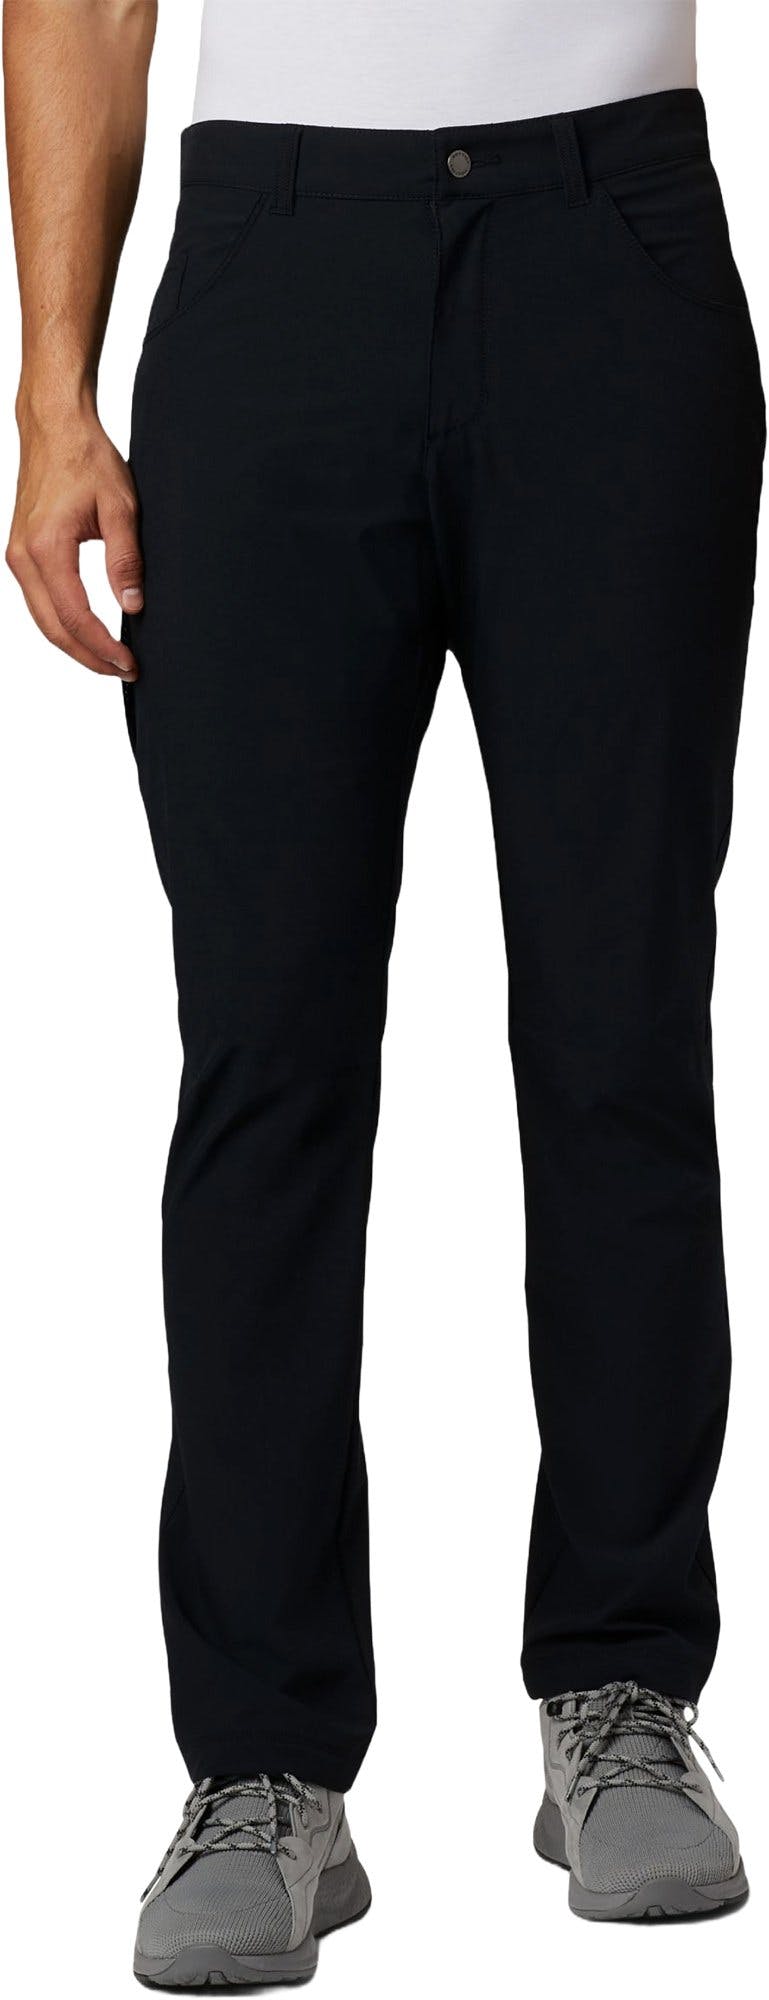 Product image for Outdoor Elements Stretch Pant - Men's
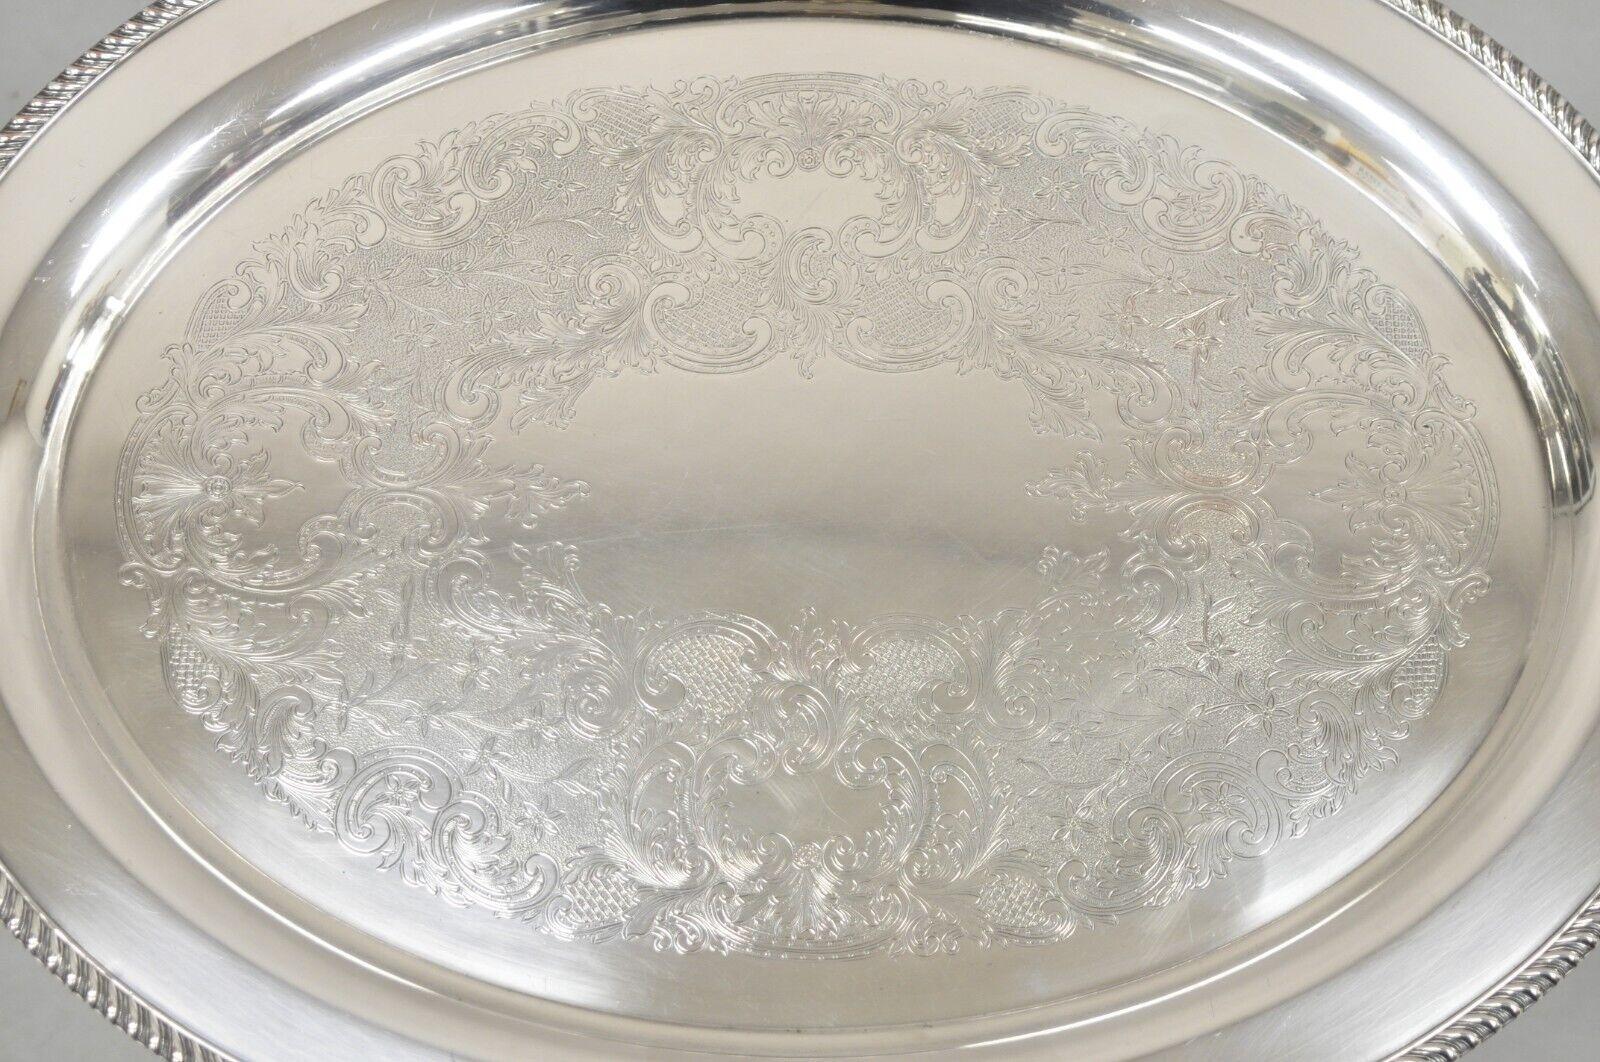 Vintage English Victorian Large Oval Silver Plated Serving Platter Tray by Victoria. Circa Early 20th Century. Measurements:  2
---
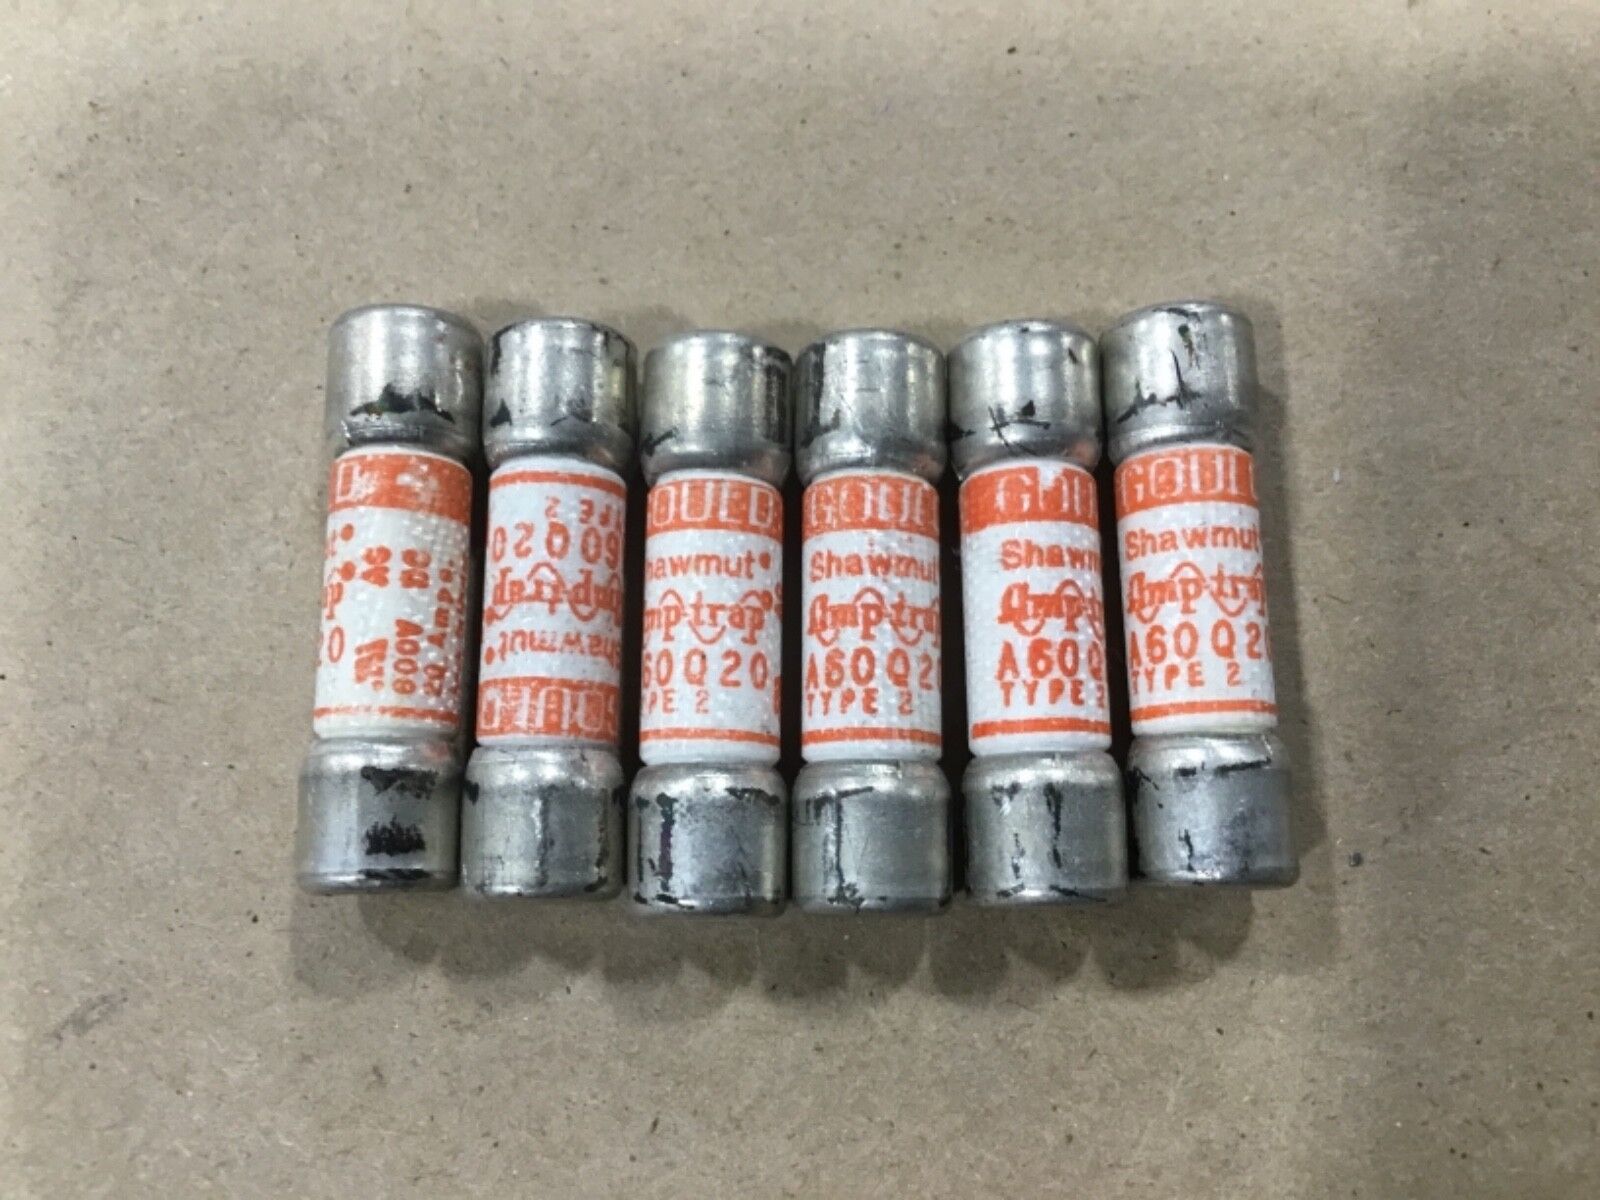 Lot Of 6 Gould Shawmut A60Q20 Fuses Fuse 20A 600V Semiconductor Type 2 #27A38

TASK PROMPT: The expected output is the lines above from the one containing "Product image for" to the one containing "Vintage English Victorian", both ends included, reproduced exactly with every picture left out.

EXERCISE OUTPUT:
 Product image for Outdoor Elements Stretch Pant - Men's
 Vintage English Victorian Large Oval Silver Plated Serving Platter Tray by Victoria. Circa Early 20th Century. Measurements:  2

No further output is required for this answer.